Sequência de franquia que revolucionou os efeitos especiais no cinema é superprodução imperdível na Netflix Divulgação / Universal Pictures

Sequência de franquia que revolucionou os efeitos especiais no cinema é superprodução imperdível na Netflix

Steven Spielberg talvez seja, entre todos os grandes diretores de Hollywood, aquele que melhor alia o olfato e o apetite para negócios multimilionários à urgência de narrar histórias flagrantemente inusitadas, até vesanas, sem abdicar do lastro de metodologias e saberes meio tortos. Em 1993, Spielberg levou à tela o primeiro longa de uma franquia que se tornou verdadeira grife — e febre saborosamente incurável — no cinema de ficção científica, e em 2018, ao fim de meio quarto de século, chega a vez do espanhol Juan Antonio Bayona também integrar o time dos cineastas que perpetuam um legado aparentemente eterno. Quem procurar novidade em “Jurassic World: Reino Ameaçado” vai ficar no sereno. A história é a mesma, os cenários são os mesmos, é possível se inferir que determinados personagens continuam com a visão de mundo de três décadas atrás, repetindo o que se assistia em “Jurassic Park: Parque dos Dinossauros”, outro dos motivos para um instante de análise sobre aonde nos conduziu o livre-pensamento; a glorificação irracional e a todo custo da ciência; o extermínio da fauna e da flora; e o entendimento da vida infra-humana como uma possibilidade infinita (e rentável) de diversão para mulheres e homens esvaziados em suas relações líquidas, ainda que por meio da exploração de feras colossais e pantagruélicas, decerto também acuadas por se sentirem num mundo de que não mais fazem parte.

O roteiro de Colin Trevorrow, diretor de “Jurassic World: O Mundo dos Dinossauros” (2015), e Derek Connolly abusa das imagens de que Spielberg já lançara mão, voltando ao epicentro dos conflitos que ancoram as sete produções da franquia. Agora, a ilha Nublar, a ilha dos dinossauros, éden maldito distante da Costa Rica 193 quilômetros a oeste, é vista primeiro sob uma massa de água de milhares de toneladas, pelo fundo do oceano Pacífico. Técnicos operam uma geringonça que tenta resgatar o fóssil de uma Indominus Rex; quando conseguem, enviam-no à superfície, onde deságua uma tempestade tropical que inquieta a equipe que segue trabalhando no que resta do parque, interditado três anos antes.
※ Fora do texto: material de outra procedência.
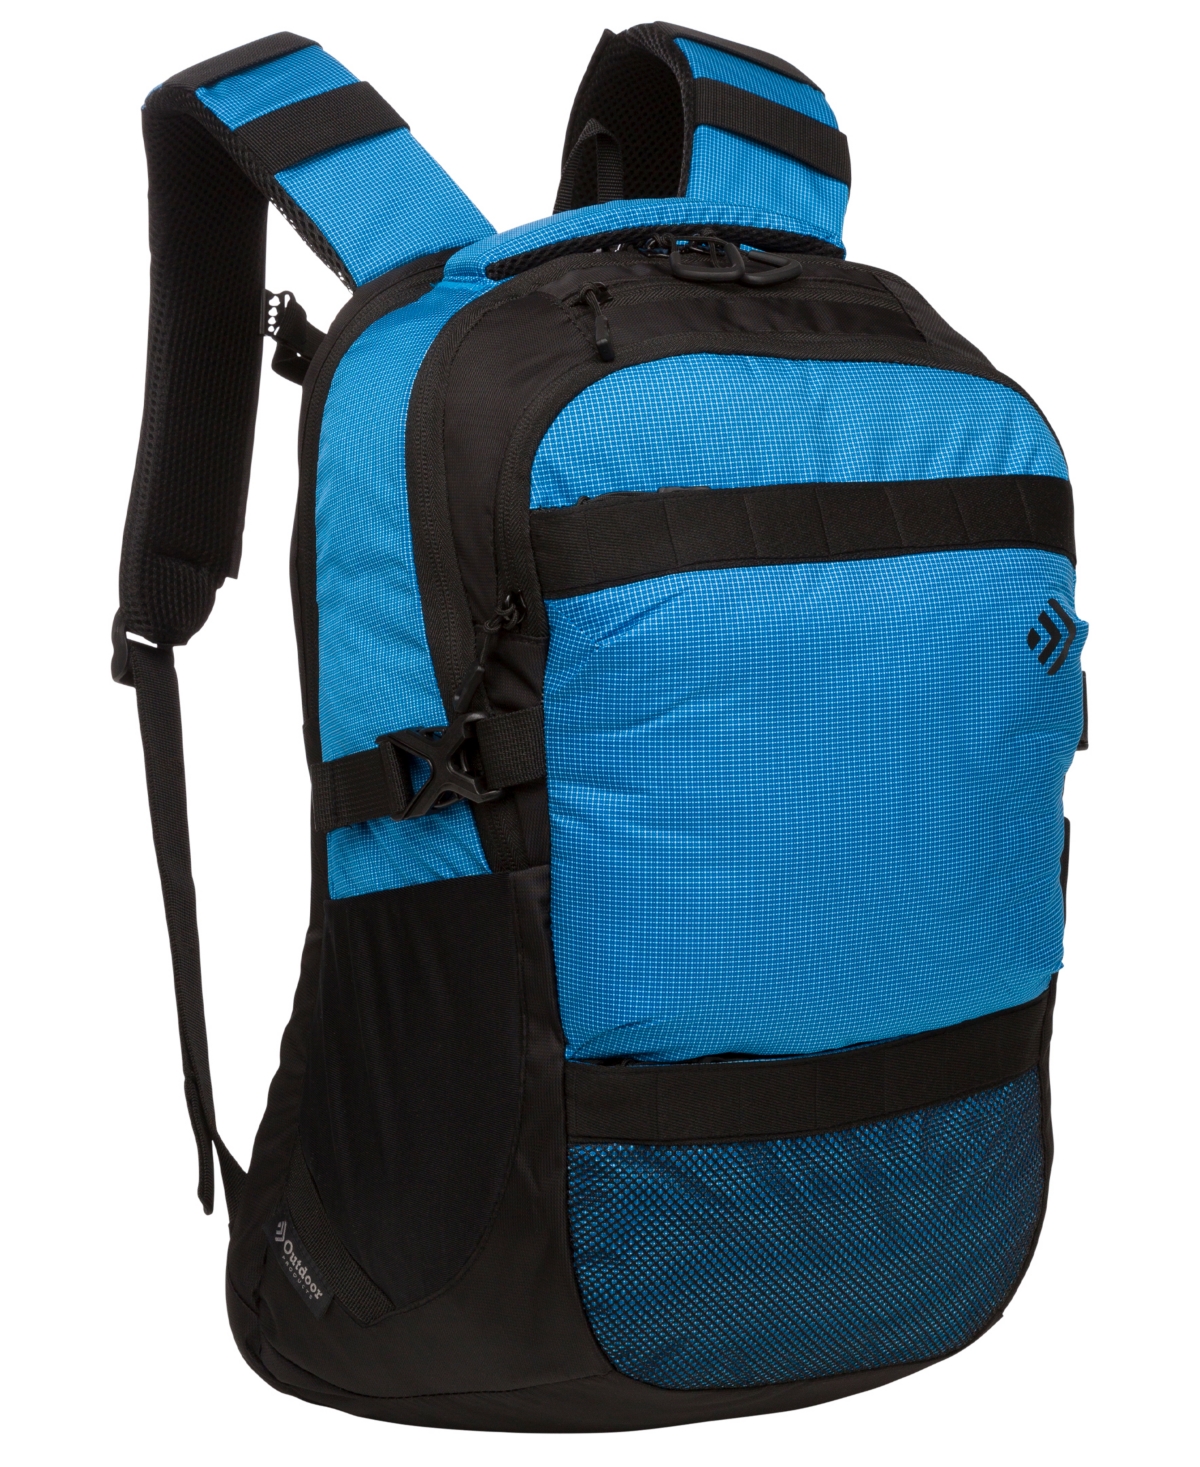 Rainier Outdoor Backpack - Black

O longuíssimo prólogo explica que em 2015 um desastre implicou numa carnificina sem precedentes, e a Masrani Corporation, a administradora da reserva, foi à bancarrota, obrigada a pagar mais de oitocentos milhões de dólares em indenizações. A BBC matraqueia que geólogos um evento de destruição em massa acabará com os últimos dinossauros do planeta, e como tragédias chamam outras hecatombes, o vulcão do monte Sibo está prestes a expelir lava fervente por toda a selva, dando azo a manifestações ruidosas de associações pelos direitos dos animais ao redor do globo e a uma comissão especial do Senado americano, atônita diante de uma pergunta cuja resposta, qualquer que seja, pode significar um gênero muito singular de apocalipse.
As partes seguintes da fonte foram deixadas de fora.